= Millennium Manor =

Millennium Manor Castle is a house in Alcoa, Tennessee. It was built from June 1937 to December, 1946, by William Andrew Nicholson and his wife Emma Fair MacArthur Nicholson, who had moved to Alcoa, from Pickens County, Georgia, where William was a mason and carpenter. In 1937 he got a job with the Alcoa plant as a replacement for striking workers. Nicholson started construction of Millennium Manor Castle at the age of 61 while maintaining a full-time job at the Alcoa plant across the street.

The Nicholsons designed the building using Roman architectural techniques, and intended Millennium Manor Castle to survive for hundreds of years, including the passing of Armageddon, which they believed would occur in 1969. The house was listed on the National Register of Historic Places in 2020.

==Construction==

All work was done by the Nicholsons without the aid of machines, a remarkable feat since both were thin and small of stature.
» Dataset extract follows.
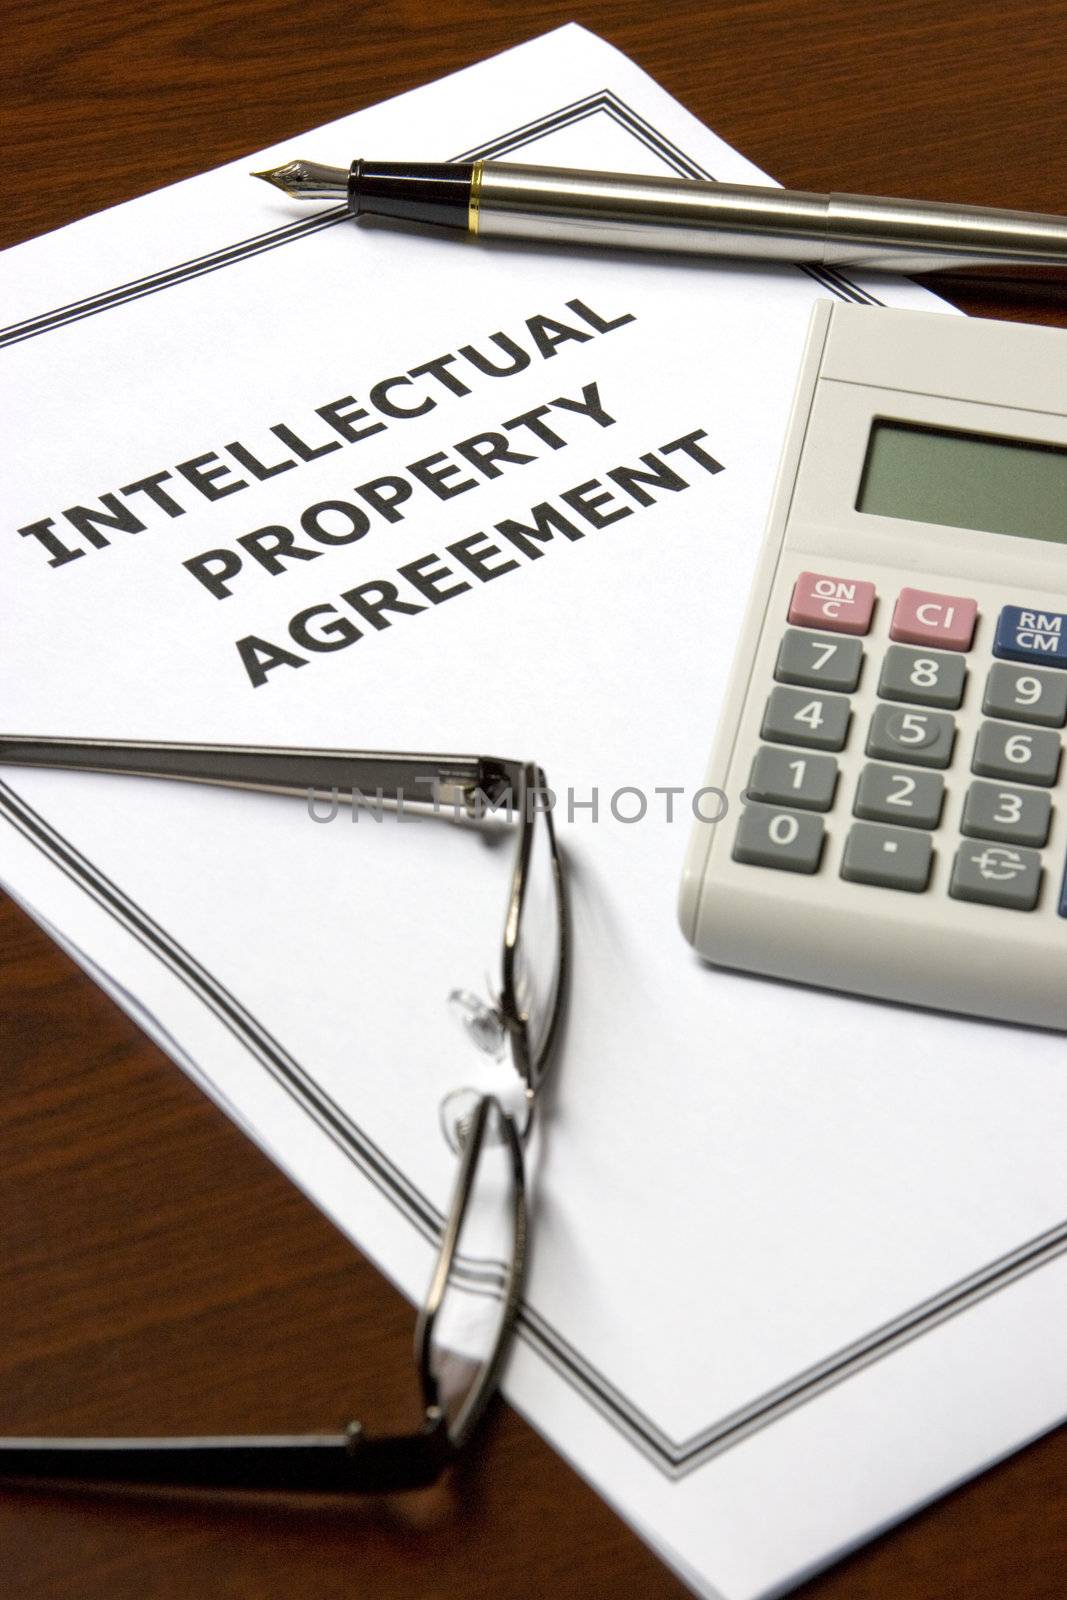 Image of an intellectual property agreement on an office table.

The Nicholsons did not belong to a church in Tennessee, but they were very religious people who believed in a literal interpretation of Revelation 20:6 ("Blessed and holy is he that hath part in the first resurrection. Over such the second death has no power, but they shall be priests of God and Christ, and shall reign with him a thousand years.")

Millennium Manor Castle was built to survive Armageddon and a thousand years beyond. Millennium Manor was built using Roman architecture which can still be seen standing in structures after more than 2,000 years. The light colored stone of Millennium Manor is Tennessee Pink Marble found in nearby Friendsville, Tennessee. The "Arch and Keystone" visible over doors and windows continues throughout the entire house, including the floor and roof. First built was a wooden form, shaped like the inside of the building. A rubber tarp was laid over this form. Stone was stacked on top of the form and a "Keystone" inserted. (At this point in the construction, the wooden form could have been pulled completely out, and the roof would still stand on its own without any mortar). Cement was poured over the stacked marble rock, and the cement sifted through to the rubber tarp and hardened. Wrinkles from the rubber sheet can still be seen on the inside ceiling. The form was then removed, at which point that part of the roof (or floor) was finished. In theory, it should be possible to remove all cement from the entire building and have it continue to stand, since the only function of the mortar was to fill gaps and not to bear a load.

Over 4,000 bags of cement were used, and in some places agricultural lime was used instead of sand for less water seepage. The thinnest inside wall is 19 in. The thinnest outside wall is 25 in. The roof is greater than 3 ft thick, and the floor is greater than 4 ft thick. The roof alone supposedly weighs 423 tons. All walls are load bearing. There are 14 rooms and a two-car underground garage, for a total of about 3000 sqft under roof. The upstairs has 7 chimney flues. A six-story deep well is 5 ft in diameter. In November 1943, Wright Road was widened, and William Nicholson was forced to tear down the entire wall facing the street. He promptly rebuilt it 6 ft further back. The Castle sits on 6 lots equaling about an acre, and another 1/2 acre next door has been leased. A small white frame house that currently sits on the back lot originally was next to the Castle. It was a "kit home" built to give the Nicholsons a place to live until the main building was finished. It was then moved to its present location.

In 1950 Emma Fair MacArthur Nicholson died of cancer at age 72. The Nicholsons had been married over 50 years. William Nicholson was quoted as saying, "It was hard to be parted from her after so many years. My wife believed in me but her faith in eternal life was weak. She tried to believe, but she had her doubts. There came times when she talked of dying." Fifteen years later, at the age of 88 and nearly blind and deaf, William died, and was buried alongside his wife in Clarks Grove Cemetery. The day before William went to the hospital he told the pastor from the church next-door to the Castle that "if God doesn't intervene soon, I will die."

==Current state==
The Nicholsons left 10 children, but none came to live in the stone house after William Nicholson's death. Soon vandals had stolen or broken everything inside. Juanita Shaw and her son bought the building to use as a meeting place for the "Odd Fellows," as a rental property, and as a "Haunted House" for the "Jaycees." Millennium Manor was later purchased on February 21, 1995 at auction for $39,000 by Dean Fontaine.

The renovation is an ongoing process. Fontaine completes all work himself, when not working as a Knoxville firefighter and paramedic. Among many of the projects in the works, the gazebo was planned to be reconstructed in the spring/summer of 2011.

This is a private residence, but each Memorial Day, Fontaine holds an Open House tour. Rentals may be available, at the owner's discretion.